If I’m not mistaken current chain of thought models attempt to fit as much into their larger context windows as possible resulting in progressively slower, expensive, AND less accurate output as the tokens are spat out.
I’m sure SOMEONE has already done this like most everything I mention in my comments on this blog but why don’t chain of thought models spin up cheap non chain of thought models up to the length of the context window it knows can still have accurate results for mission critical outputs like headers, and treats the main “thread” as a dispatcher for other smaller threads?

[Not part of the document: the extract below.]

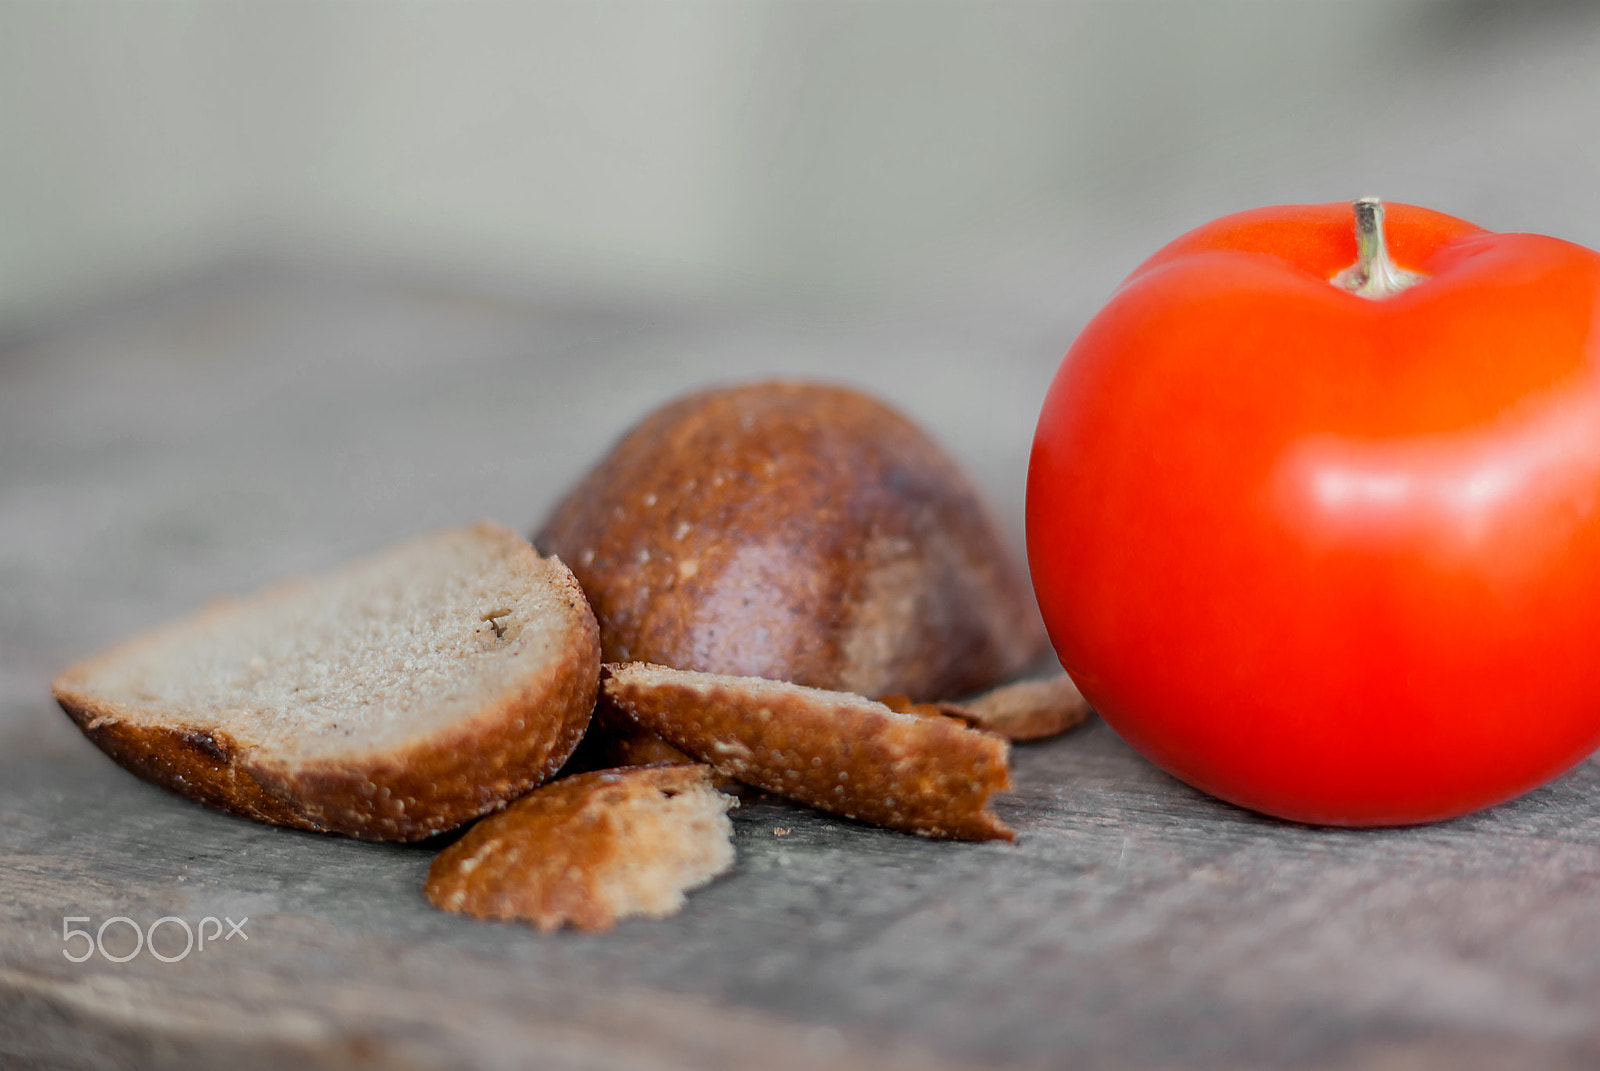 Pentax K10D sample photo. Ripe tomato with slices of rye bread photography

Even better, when a “sub calculation” would clearly faire better in a non-llm context like R why not spin up a R script using a plugin to process data?
Lastly, I don’t see why (there must be a good reason) why many chain of thought models just allow themselves to keep getting slower over time for users by allowing such giant context windows, and not instead making a judgement call on whether certain sets of tokens require a bigger context window, and how many compute cycles could be saved by using chain of thought models for one off “calculations” and having cheaper models be the ones that actually talk to end users only seeing the context windows that pertains to the prompt and whatever the chain of thought model spit out.
Wait, wait, wait, this isn’t how deep research models work, no? I haven’t looked into their architectures but never bothered figuring it’s as black box as everything else.